Error scraping stocks: 'Series' object is not callable; Multiprocessing Pandas DataFrame Validation with jsonschema

Question

Error scraping stocks: 'Series' object is not callable; Multiprocessing Pandas DataFrame Validation with jsonschema

31 Views Asked by Priyabrata Chattaraj At 28 January 2024 at 00:00

Question: I am working on a project where I need to validate a large Pandas DataFrame against a JSON schema using the jsonschema library.
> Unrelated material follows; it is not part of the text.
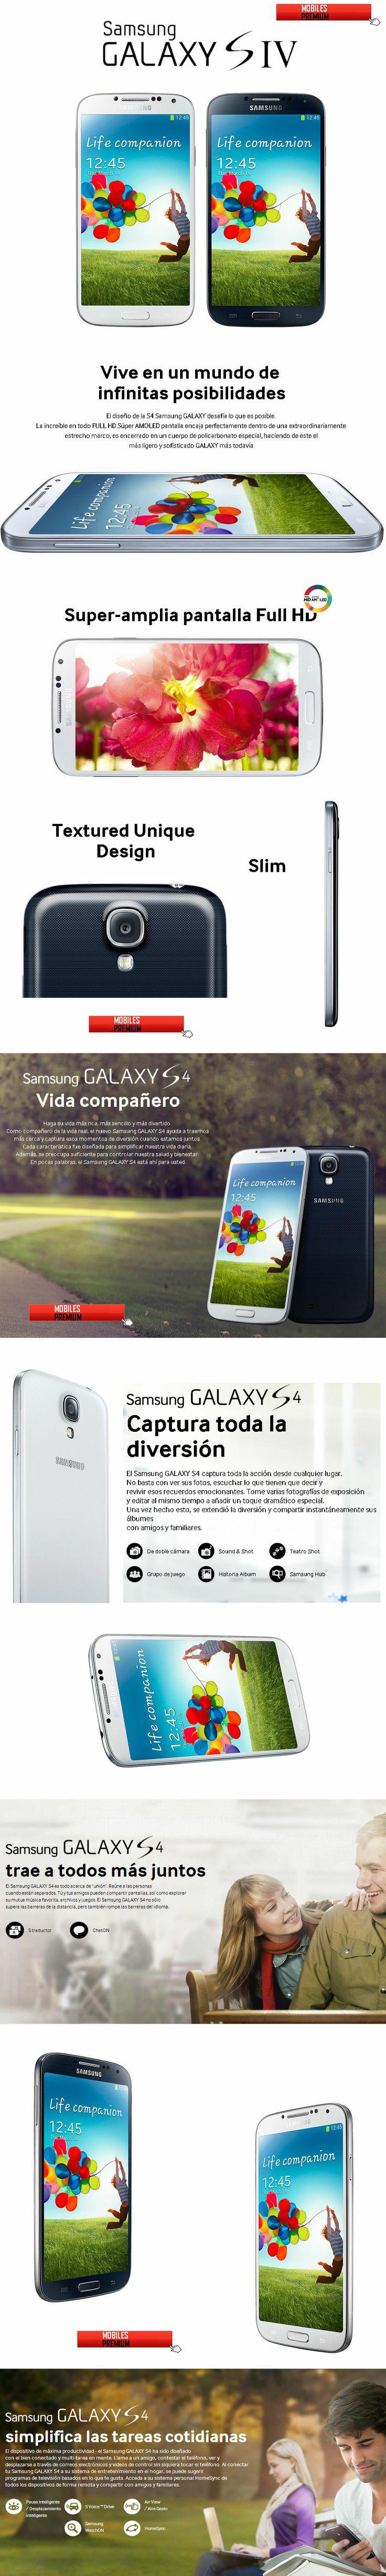 Comprar samsung galaxy s4 gt i9500 negro | venta de samsung galaxy s4 negro Argentina

To speed up the validation process, I am attempting to use multiprocessing with the concurrent.futures module in Python. However, I'm facing challenges with the apply function inside the lambda function, as it doesn't work well with parallel execution.

Details:

I have a Pandas DataFrame containing financial data that I want to validate against a JSON schema before inserting it into a MongoDB collection. The validation function is based on the jsonschema library.

Here is a simplified version of my code:

from the code block:


try:
                    futures = [executor.submit((lambda c:
                        not c.empty and c.apply(lambda r: validateDocument(r, schema)
                    , axis=1))(chunk)) for chunk in chunks]
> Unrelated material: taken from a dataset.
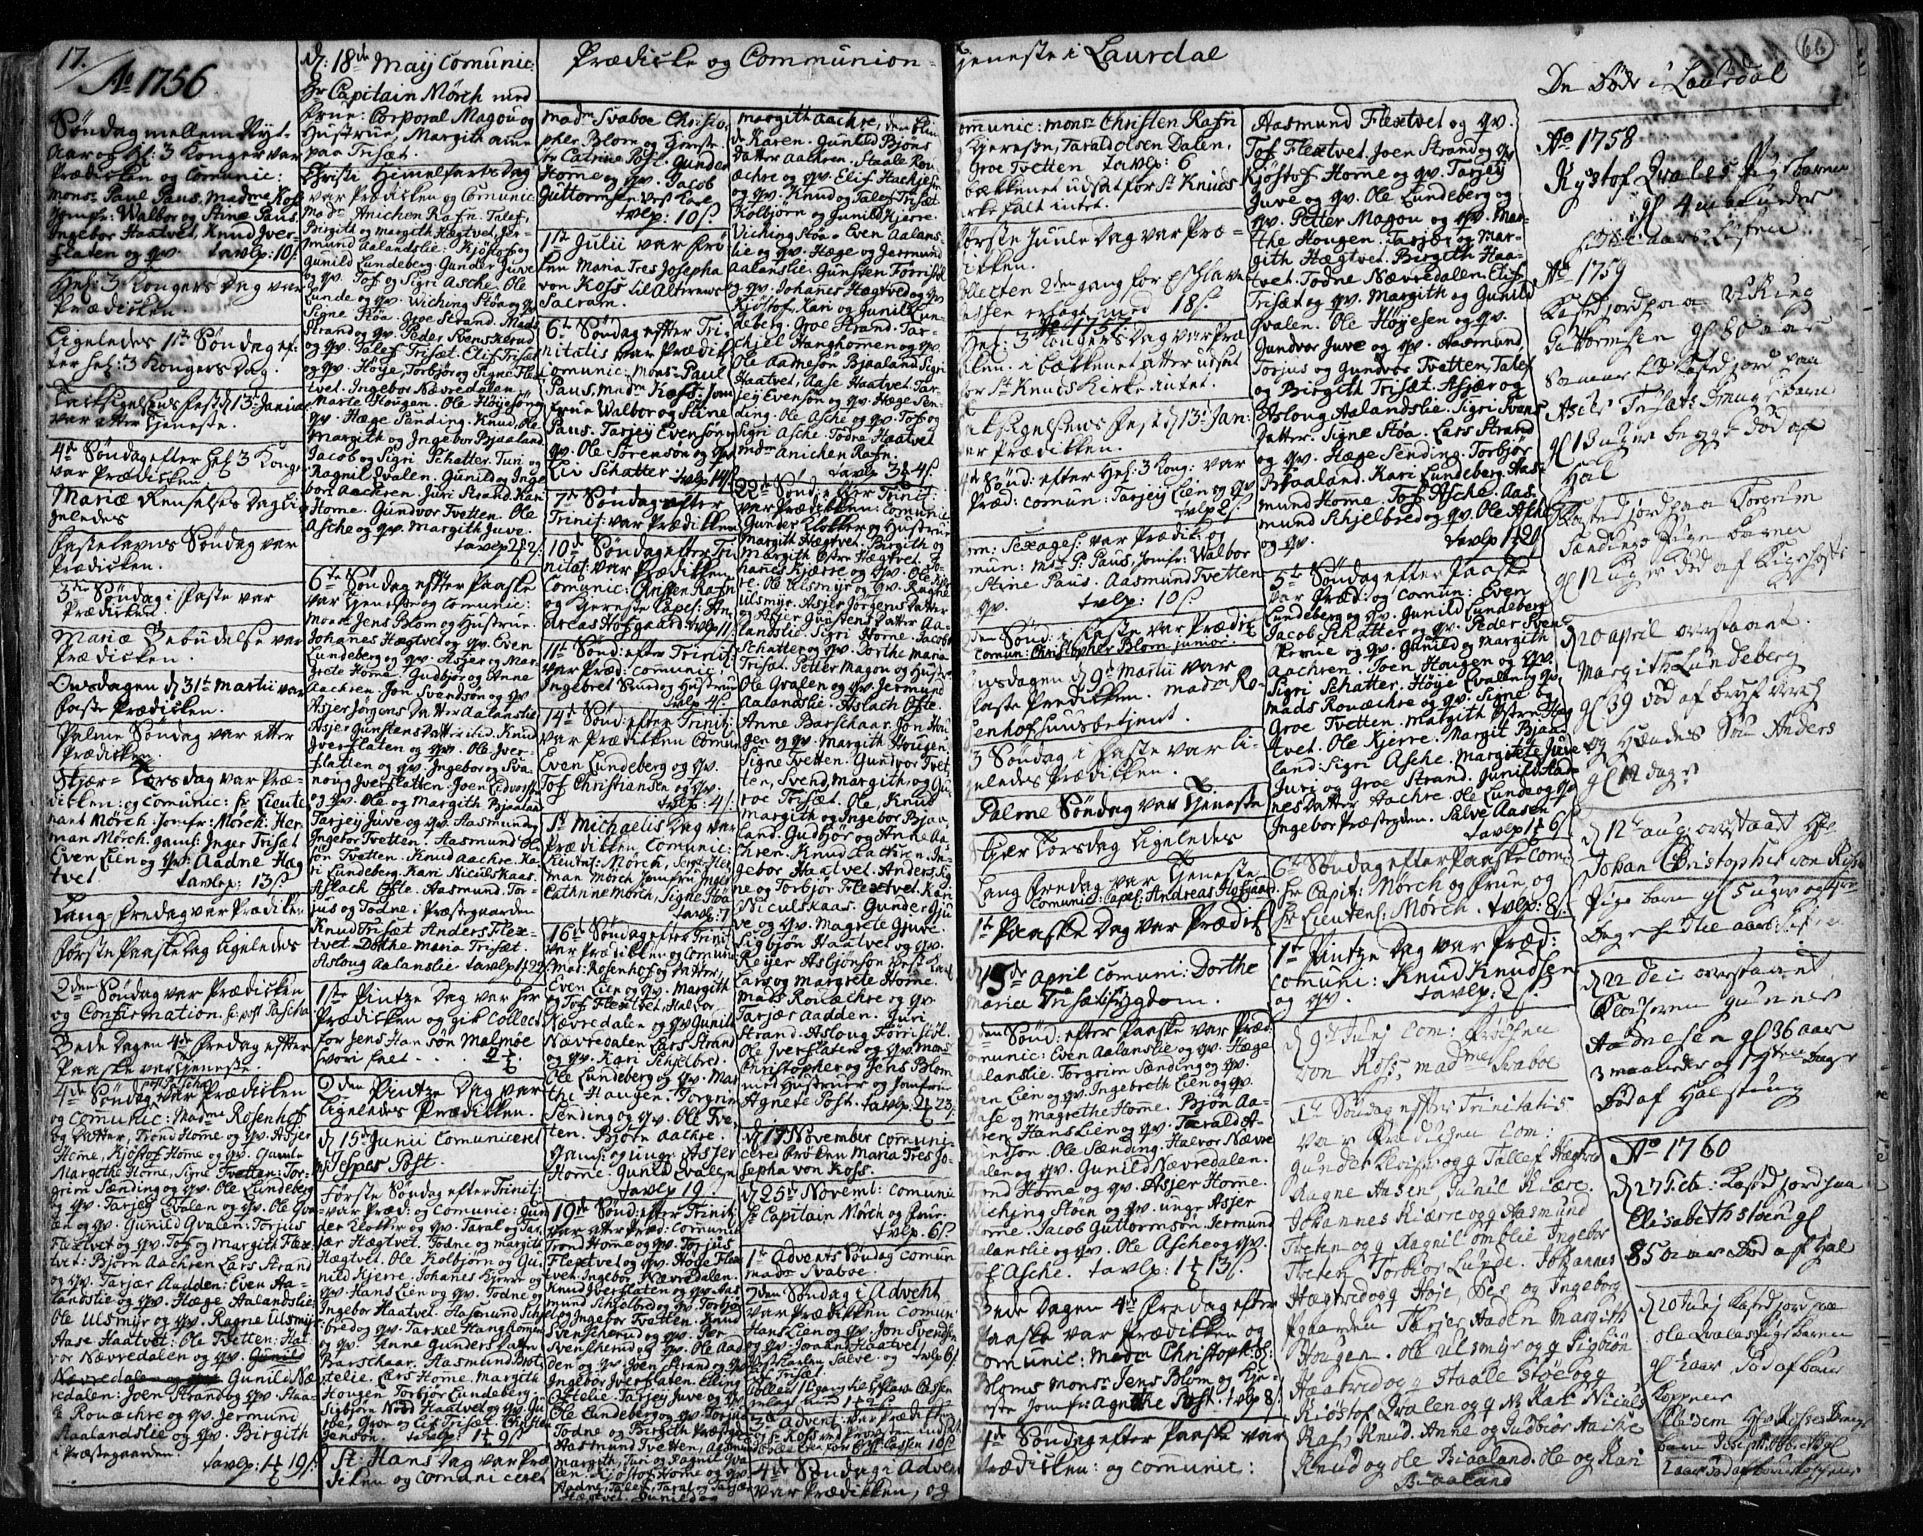 SAKO, Lårdal kirkebøker, F/Fa/L0003: Ministerialbok nr. I 3, 1754-1790, s. 66

                    # Wait for any thread to finish and check for validation errors
                    for future in as_completed(futures):
                        if callable(future.result):
                            future.result()

                except ValidationError as e:
                    PriceHistoryDB.__logger.error(f"Error validating document: {e}")
                    print(f"Error validating document: {e}")
                    allDocumentsValid = False
                    return -1
                except Exception as e:
                    PriceHistoryDB.__logger.error(f"Error: {e}")
                    print(f"Error: {e}")
                    allDocumentsValid = False
                    return -1

line no 107 catch block.

whole program code:


import pandas as pd
from jsonschema import validate, ValidationError
from pymongo import MongoClient
import logging
import pandas as pd
from concurrent.futures import ProcessPoolExecutor, as_completed
import numpy as np
import warnings

warnings.filterwarnings("ignore", message="'DataFrame.swapaxes' is deprecated and will be removed in a future version. Please use 'DataFrame.transpose' instead.")
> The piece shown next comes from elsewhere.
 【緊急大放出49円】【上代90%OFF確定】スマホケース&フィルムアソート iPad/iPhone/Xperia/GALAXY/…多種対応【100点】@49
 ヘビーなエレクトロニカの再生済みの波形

# db class and extend any required methods and export
class PriceHistoryDB:
    __logger = None
    # initialize logger with name, file name, format [time : type : message]
    def __initialize_logger(self):
        if PriceHistoryDB.__logger == None:
            print("PriceHistoryDB: Initializing logger")
            # Configure the logger
            logger = logging.getLogger("PriceHistoryDB-Logger")
            logger.setLevel(logging.ERROR)

            # Create a file handler and set its level
            handler_pricehistorydb_logger = logging.FileHandler('./logs/PriceHistoryDB.log')
            handler_pricehistorydb_logger.setLevel(logging.ERROR)

            # Create a formatter and add it to the handler
            formatter_pricehistorydb_logger = logging.Formatter('%(asctime)s : %(levelname)s : %(message)s')
            handler_pricehistorydb_logger.setFormatter(formatter_pricehistorydb_logger)

            # Add the handler to the logger
            logger.addHandler(handler_pricehistorydb_logger)

            PriceHistoryDB.__logger = logger
    
    def __init__(self, uri = None, db = None, collection_name = None) -> None:
        
        self.__initialize_logger()

        # Connect to MongoDB
        try:
            if uri == None:
                raise Exception("URI not provided")
            
            if db == None:
                raise Exception("Database name not provided")
            
            if collection_name == None:
                raise Exception("Collection name not provided")
            
            client = MongoClient(uri)
            db = client[db]
            self.__collection = db[collection_name]
            print(f"Connected to MongoDB DB: {db.name} Collection: {collection_name}")

        except Exception as e:
            PriceHistoryDB.__logger.error(f"Error connecting to MongoDB: {e}")
            print(f"Error connecting to MongoDB: {e}")
            return None

    # Insert data from pandas dataframes    
    def Insert_Data(self, data = None, resoluion = "", schema = {}, workers = 5):
        try:
            if type(data) != pd.core.frame.DataFrame:
                raise Exception("Invalid data provided")
            if data.empty or len(data) == 0:
                raise Exception("No data to insert")
            if resoluion == "":
                raise Exception("Resoluion not provided")
            if type(schema) != dict or len(schema) == 0:
                raise Exception("Schema not provided")
            if workers < 1:
                raise Exception("Invalid number of workers")
            
            if workers > len(data):
                workers = len(data)
            
            # Validate each document against the schema before insertion
            # Number of threads to use
            num_threads = workers
            # Split data into chunks for parallel processing
            chunks = np.array_split(data, num_threads)
            allDocumentsValid = True
            def validateDocument(row, schema):
                document = row.to_dict()
                document['date'] =document['date'].__str__()
                document['time'] =document['time'].__str__()
                validate(document, schema)
            
            with ProcessPoolExecutor(max_workers=num_threads) as executor:
                try:
                    futures = [executor.submit((lambda c:
                        not c.empty and c.apply(lambda r: validateDocument(r, schema)
                    , axis=1))(chunk)) for chunk in chunks]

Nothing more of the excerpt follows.